- Work instruction
Where the line containing "24 '' X 18 ''" appears below, start there and repeat each line exactly to the end. Leave the pictures out.

** Data provided follows **

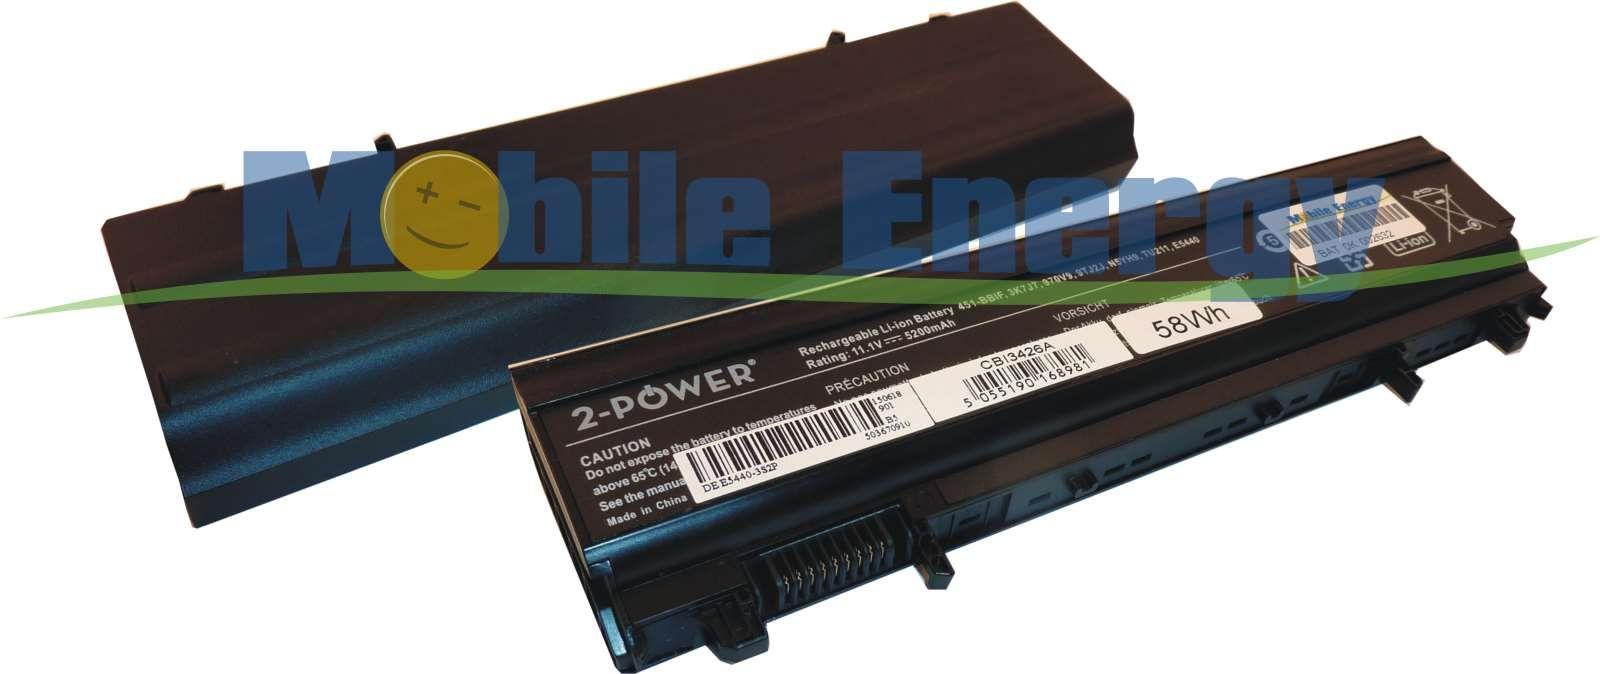 Mobile-Energy Baterie DELL Latitude E5440 / E5540 - 11.1v 5200mA
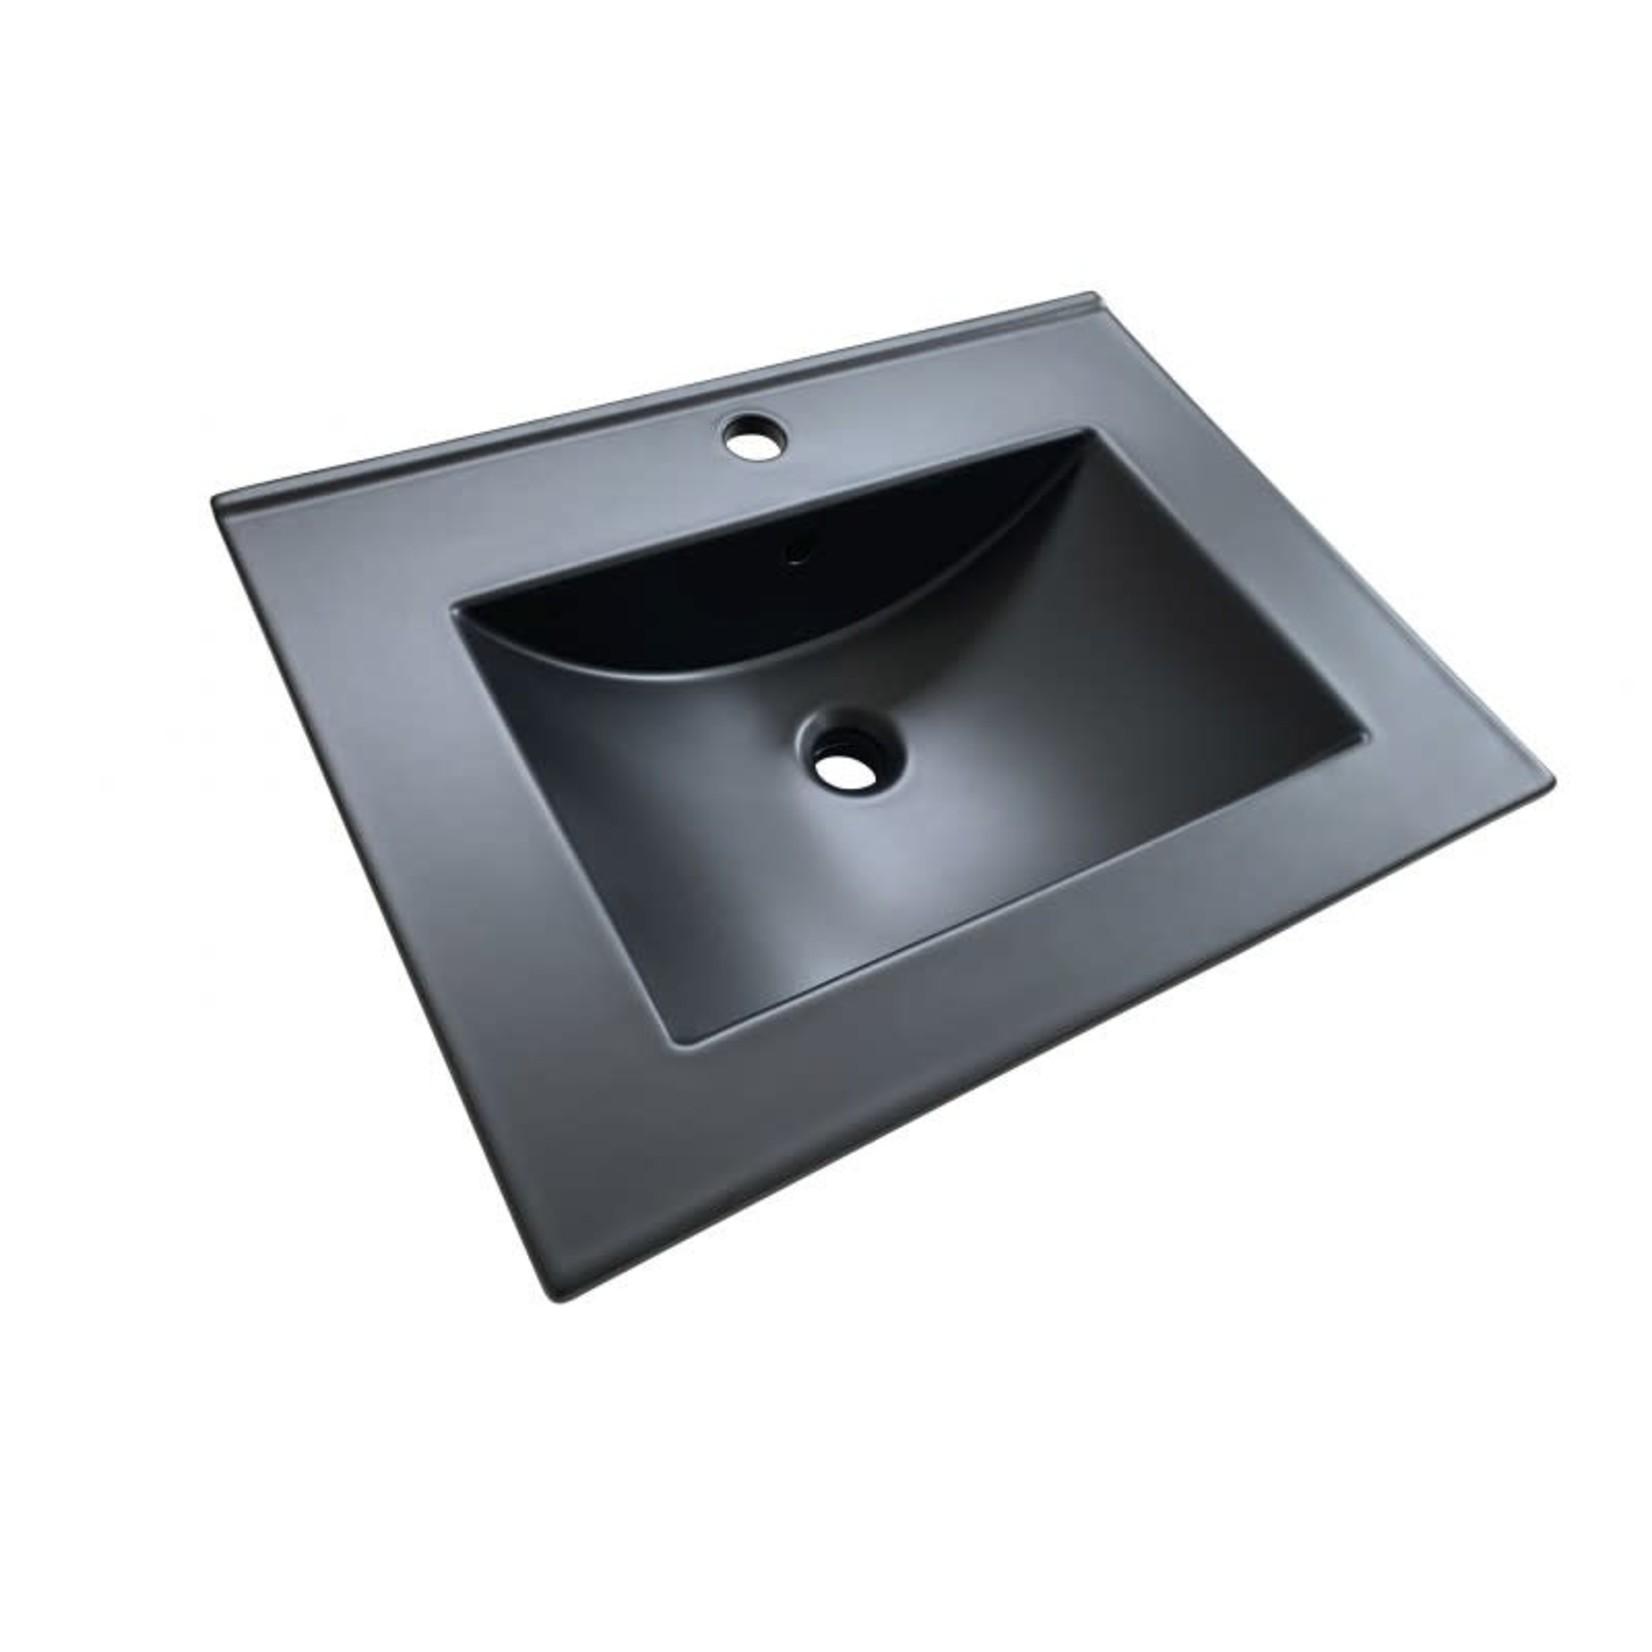 24 '' X 18 '' Porcelain sink Black DI-20260-B
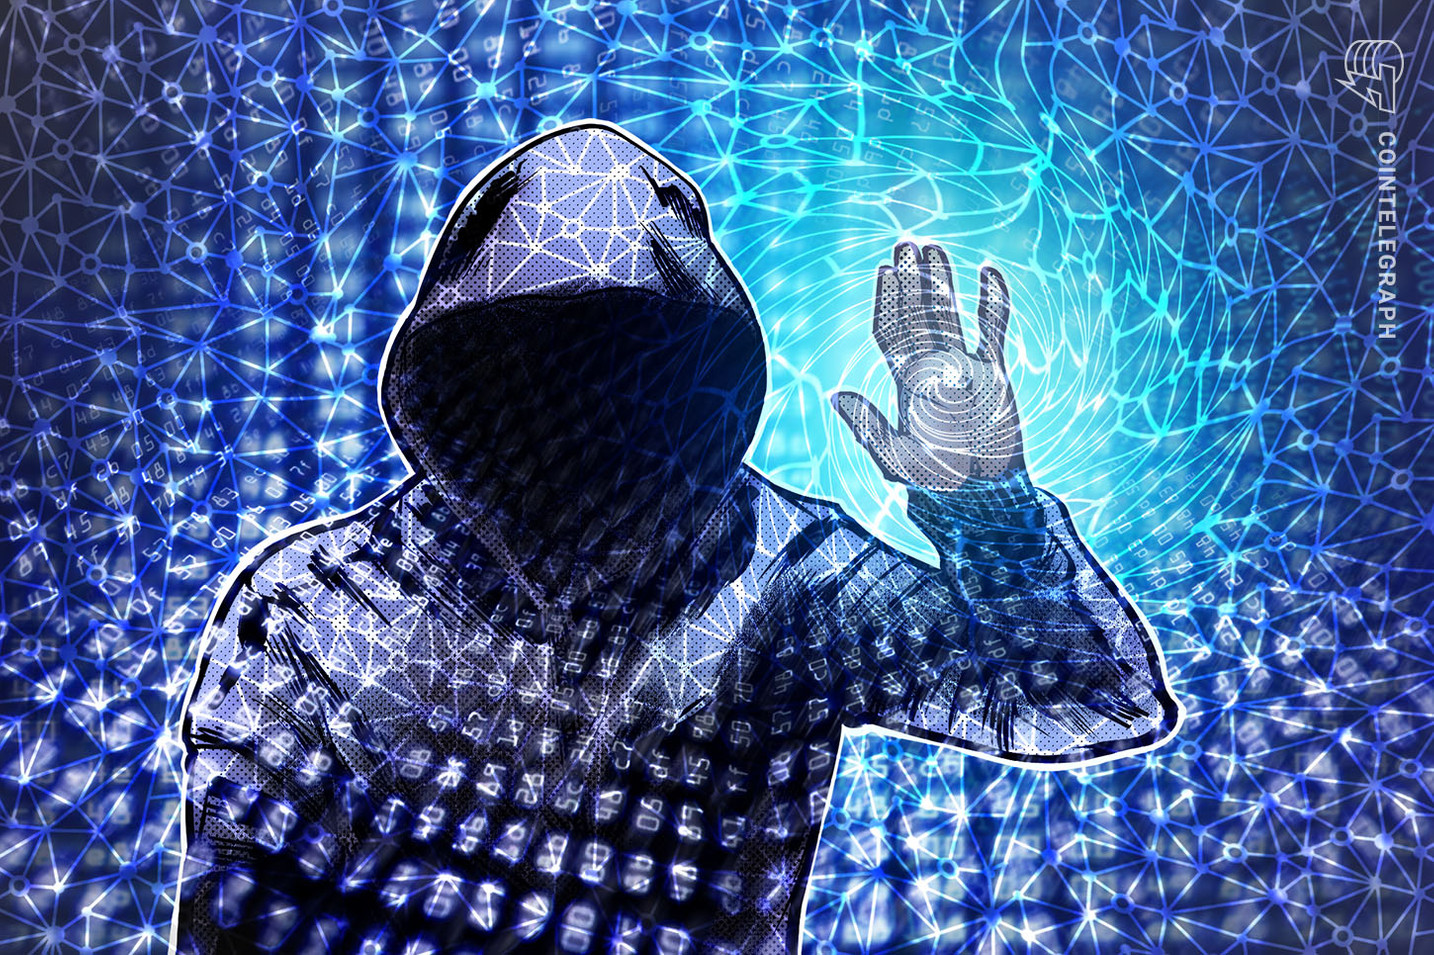 Un ingeniero nuclear vende datos clasificados a agentes encubiertos del FBI a cambio de criptomonedas
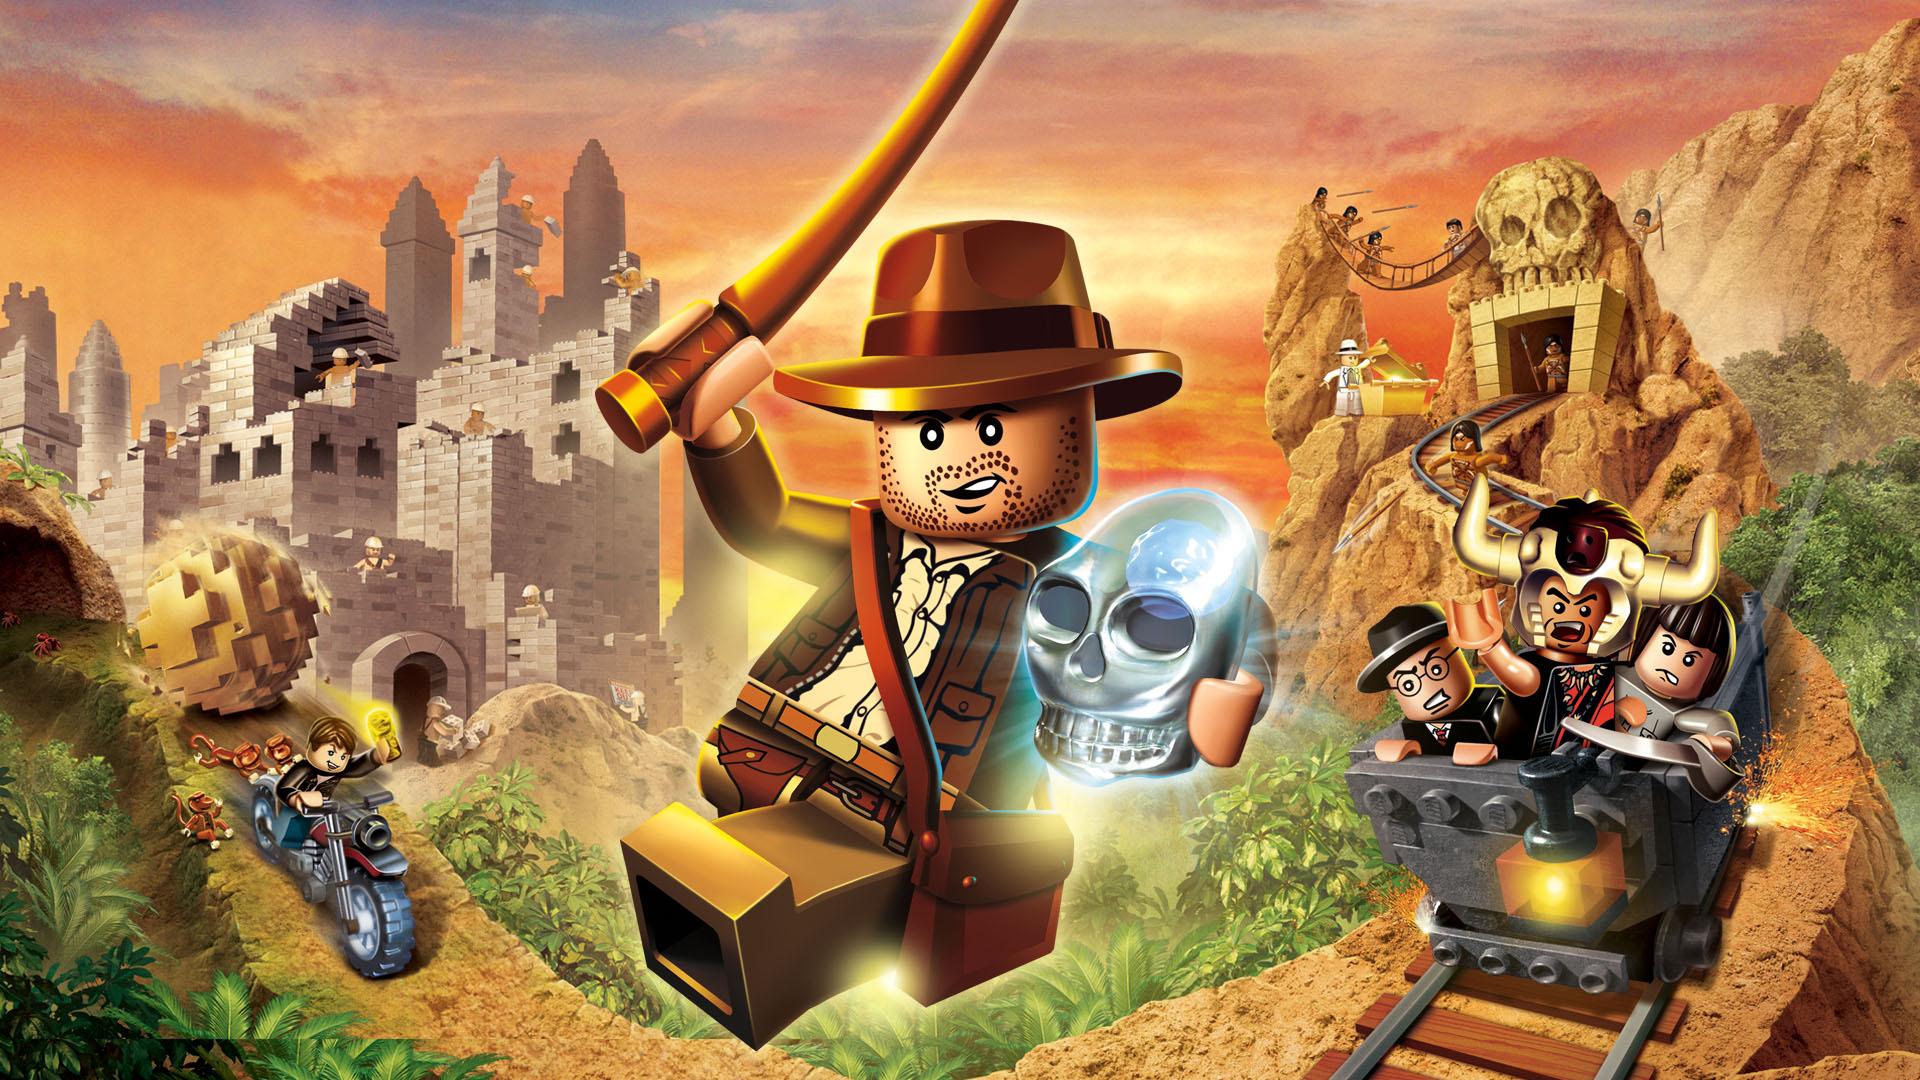 1 Lego Indiana Jones 2 The Adventure Continues Hd

** End of Data provided **

- Answer to this problem
 24 '' X 18 '' Porcelain sink Black DI-20260-B
 Un ingeniero nuclear vende datos clasificados a agentes encubiertos del FBI a cambio de criptomonedas
 1 Lego Indiana Jones 2 The Adventure Continues Hd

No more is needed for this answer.